The reason for the prognostic differences based on age in patients with low grade glioma is not well understood. The majority of astrocytomas in our cohort were IDH-wildtype (approximately 27% of the total cohort), which has been previously shown to portend similar overall survival to a diagnosis of glioblastoma [1]. Furthermore, two-thirds of IDH-wildtype astrocytomas also harbored TERT promoter mutation which portends an even worse prognosis within this low grade glioma subtype, and current recommendation includes reporting of these cases as “with molecular features of glioblastoma, WHO grade IV” [1, 24]. Although we did not observe a difference in overall survival between molecular subtypes in the current study, this may be due to small sample size rather than a lack of prognostic utility of these markers in older patients. Another reason for the age-associated prognostic difference may be in part due to worse functional status at presentation. KPS scores in older patients with low-grade gliomas were previously found to be lower than their younger counterparts [11], and lower preoperative KPS is known to be a poor prognosticator [7]. Finally, although the median EOR was 75.4% in this cohort, this is still lower than previously reported in a younger cohort of patients [22]. As greater EOR is associated with longer PFS and OS in the context of low grade glioma, this may be another key factor associated with the differences in outcomes observed between older and younger patient cohorts [25, 26].

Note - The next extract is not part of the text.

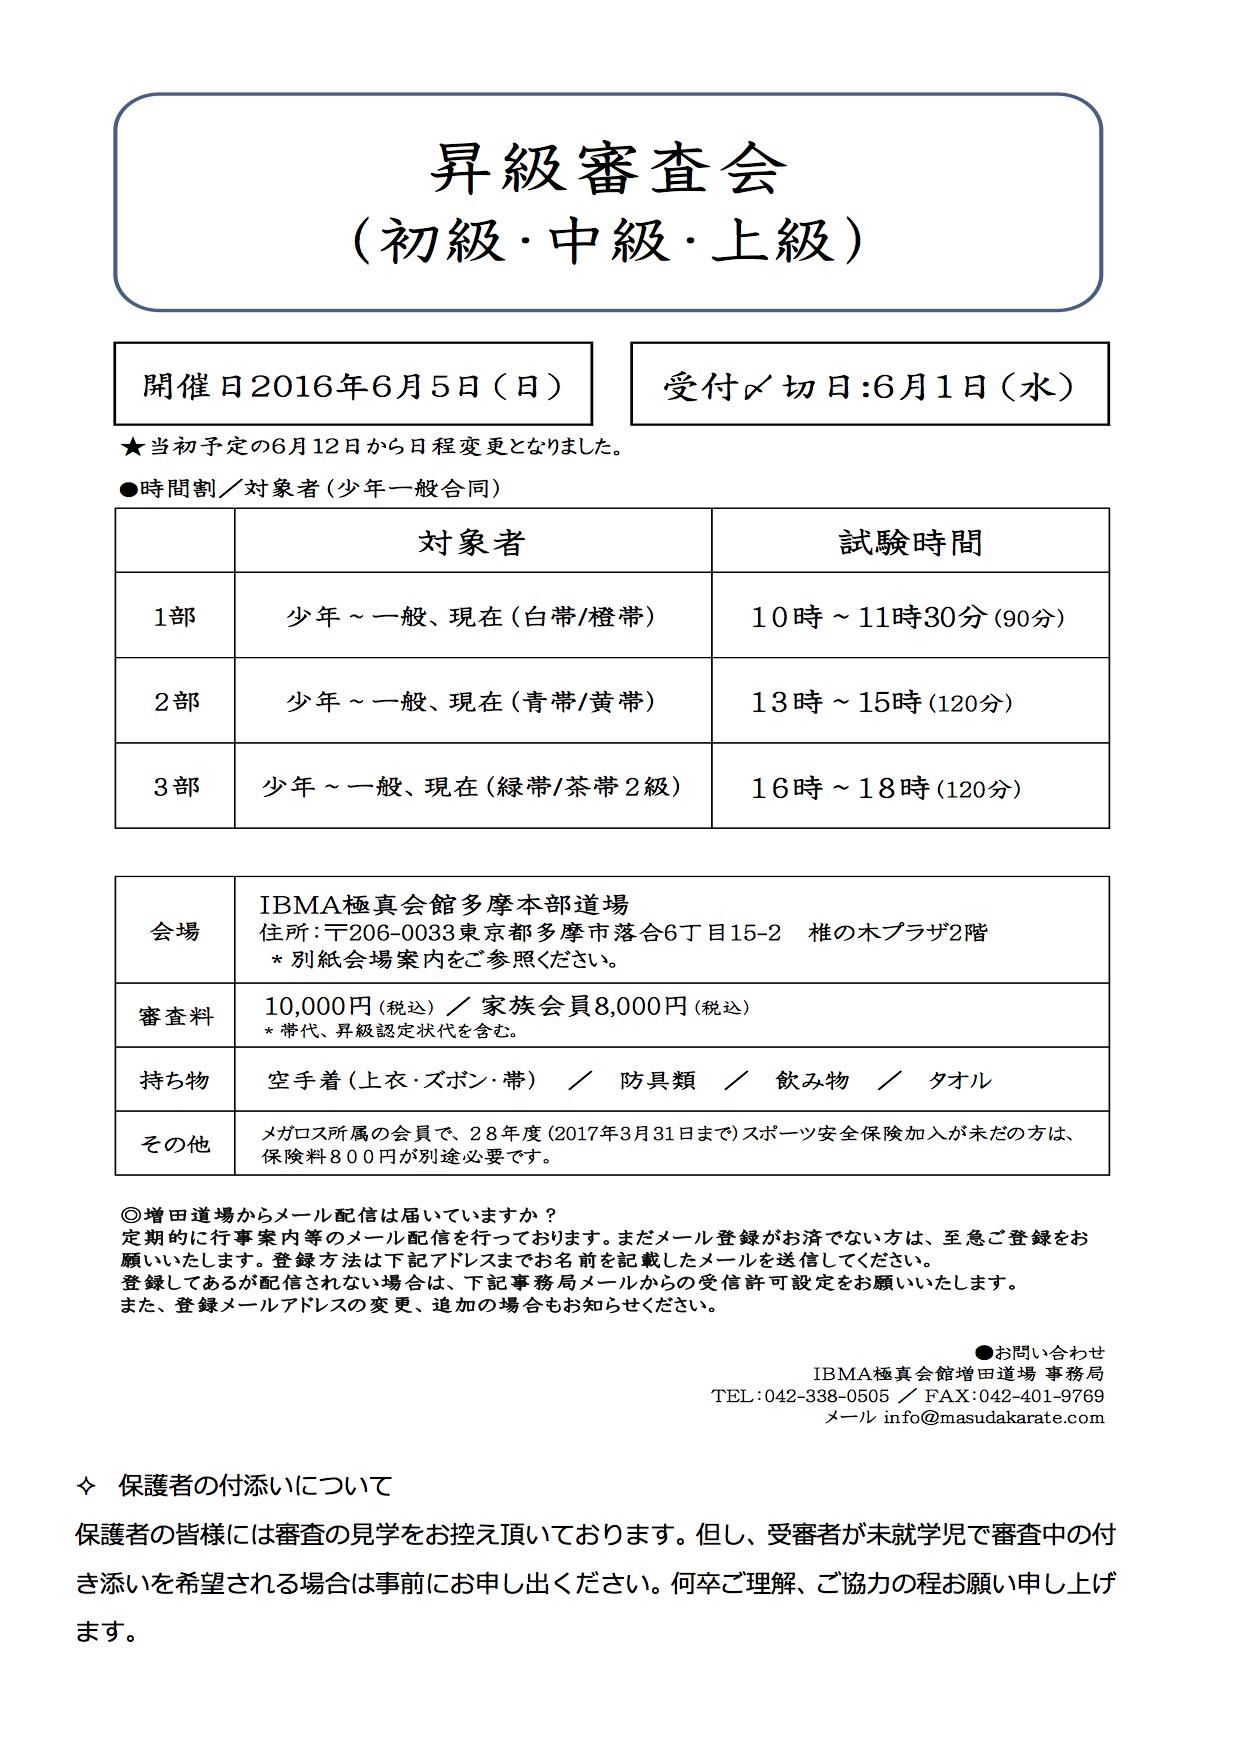 2016年 夏季 初級中級上級審査 告知 申込み綴り1

Given the retrospective nature of this study, there are expected limitations in the interpretation of the results. As several patients elected to transition care to non-affiliated institutions, there were two patients lost-to-follow-up. However, to the best of our knowledge this was due to patients selecting to have care closer to home rather than due to the aggressiveness of their disease per se. Additionally, the cohort included for analysis is relatively small, despite being at a referral center, which reflects the low frequency of WHO grade II tumors in this age group. Finally, although all patients had undergone at least a partial resection, we cannot completely rule-out under-sampling of a higher-grade lesion.

Conclusion

This study demonstrates that older patients with diffuse gliomas may safely undergo aggressive treatment with surgical resection and adjuvant therapy. Shorter PFS was associated with a diagnosis of diffuse astrocytoma IDH-wildtype which occurred with a higher frequency than has been previously reported in younger cohorts. Differences in OS based on the glioma subtype were not observed in this cohort. Despite aggressive treatment, PFS and OS were shorter than in prior reports examining outcomes in younger patients with grade II glioma. Decreased residual tumor volume was associated with lower rates of malignant transformation, and thus, maximum safe resection should be recommended for these tumors regardless of age. Further population-based studies are needed to examine the frequency of low grade molecular subtypes within this age group. Additional studies are also needed to determine the impact of specific treatment regimens in older patients with low grade gliomas to understand the poorer clinical outcomes observed.